— «Хорошо», — ответил Хоффман, изо всех сил постаравшись не выдать, каким же болезненным для него стало это решение. Отряд “Дельта” был его правой рукой. — «Я подыщу добровольцев для гарнизона в Анвегаде».
— «А ещё я и в самом деле считаю, что нам стоит отдать Мирану судно “Тимгад” и позволить его переименовать. Как ты и сказал, ему точно понадобится такой корабль, если он решит осесть в Бранаску».
— «Ну, это тебе решать, так как ты за главного будешь, как только мы с якоря снимемся. Или как вы, моряки, это там называете?»
— «Я бы предпочёл, чтобы гораснийцы выжили и были готовы помочь нам в случае чего, нежели зуб на нас точили. Мир теперь держится лишь на доверии между отдельными людьми, а не на сводах правил и международных соглашениях».

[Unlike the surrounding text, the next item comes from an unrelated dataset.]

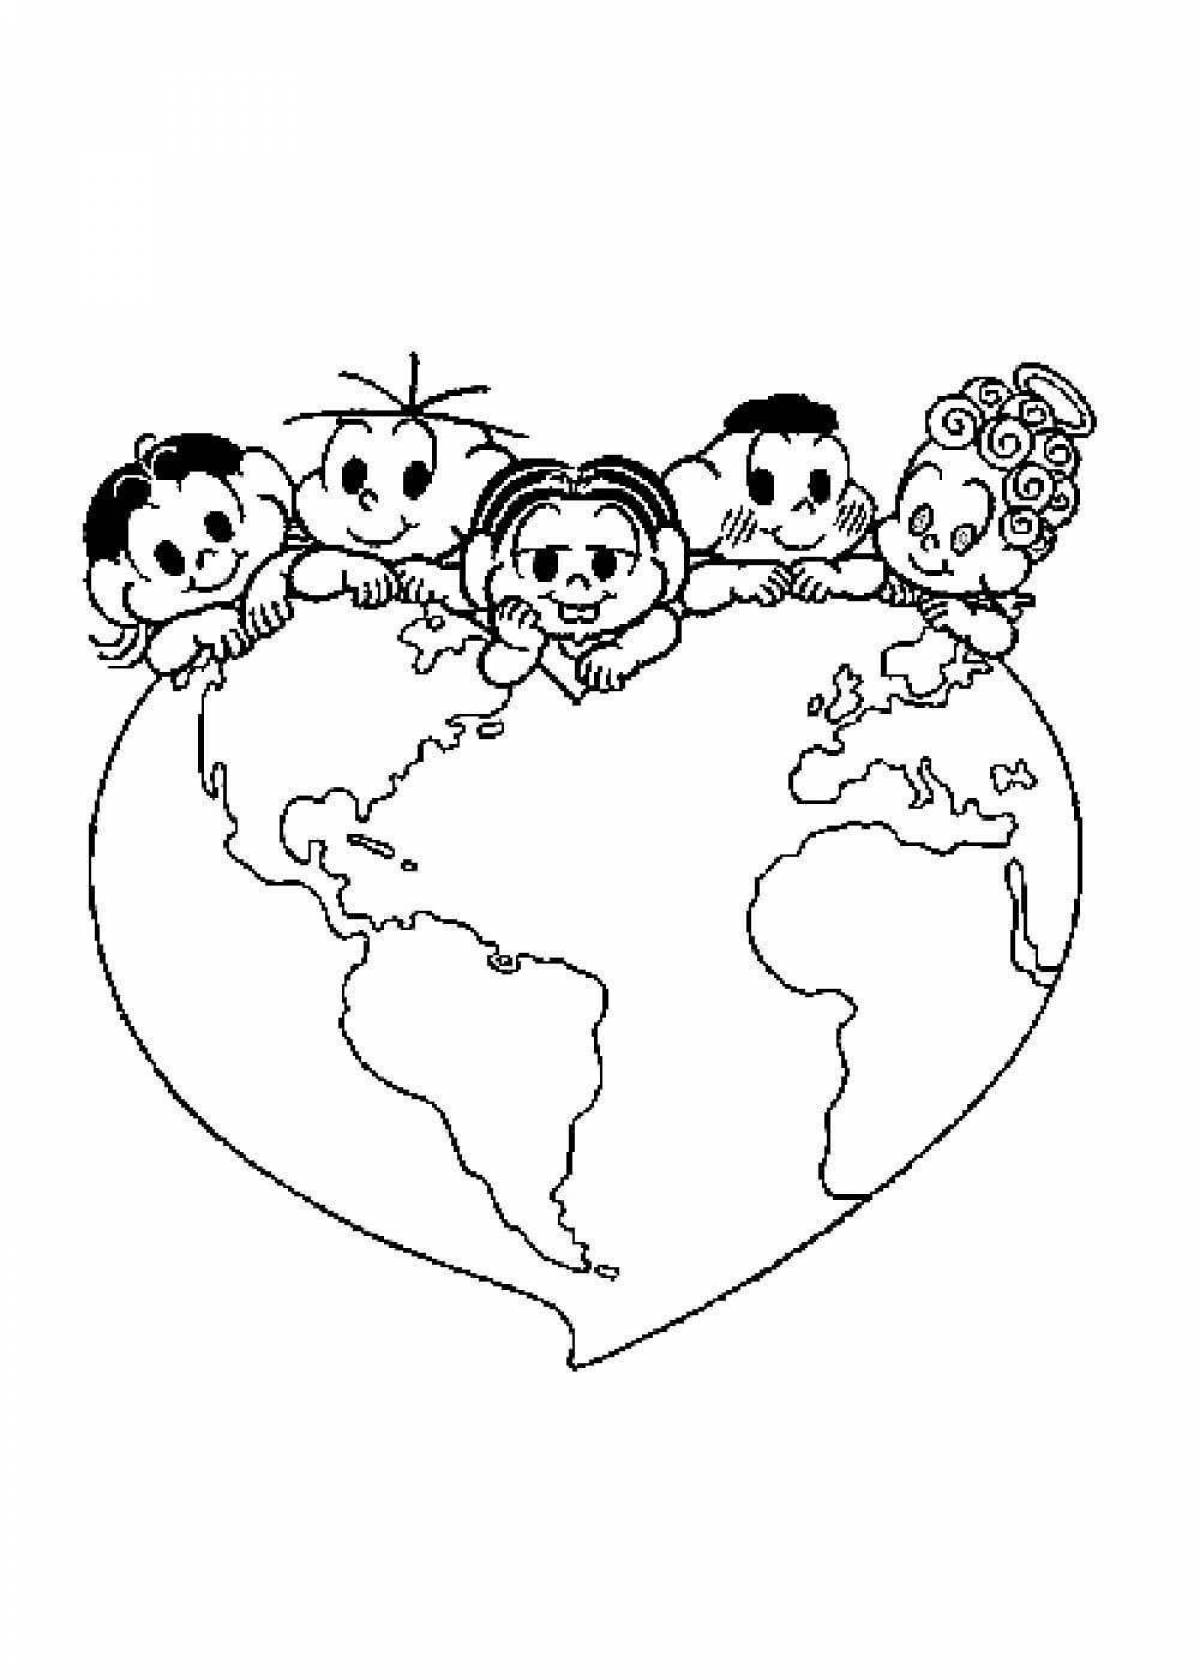 Coloring book peaceful world on earth

— «Ты не против, если я систему наведения “Молота” оставлю себе? Я знаю, что ей уже кранты, но мне будет куда спокойнее, если она будет храниться у меня, и ни одна мразь не сможет отобрать её и против нас же самих потом использовать».
— «Да, пожалуйста».
— «Чёрт, может вся эта управленческая херня и впрямь проще, чем я предполагал».
Майклсон всегда выделялся своим умом, был прирождённым политиком, и наконец-то настало его время взять бразды правления в свои руки. Хоффману тоже придётся постоять у руля, но это уже будет где-то далеко отсюда. Светящиеся могли появиться где угодно, так что не существовало таких мест, куда они не прорвались бы. Но полковник понимал, что сможет защитить Кузнецкие Врата от других угроз, например, от тысяч “бродяг”, которые до сих пор кочевали по материку.
“Как там Берни обычно говорит? «Не оборачивайся»”.
— «Надеюсь получать от вас оперативные сводки по текущей ситуации как минимум раз в неделю», — сказал Хоффман, решив, что, если он прямо сейчас с этим всем не покончит, то непременно расплачется. А виной всему, несомненно, была старческая сентиментальность. Вся его жизнь состояла из внезапных грубых разрывов привычного уклада, но ни разу они не вызывали у него подобных эмоций. — «Неужели я подвёл всех, Квентин? Может, я и правда всё проебал, понаделав кучу глупостей?»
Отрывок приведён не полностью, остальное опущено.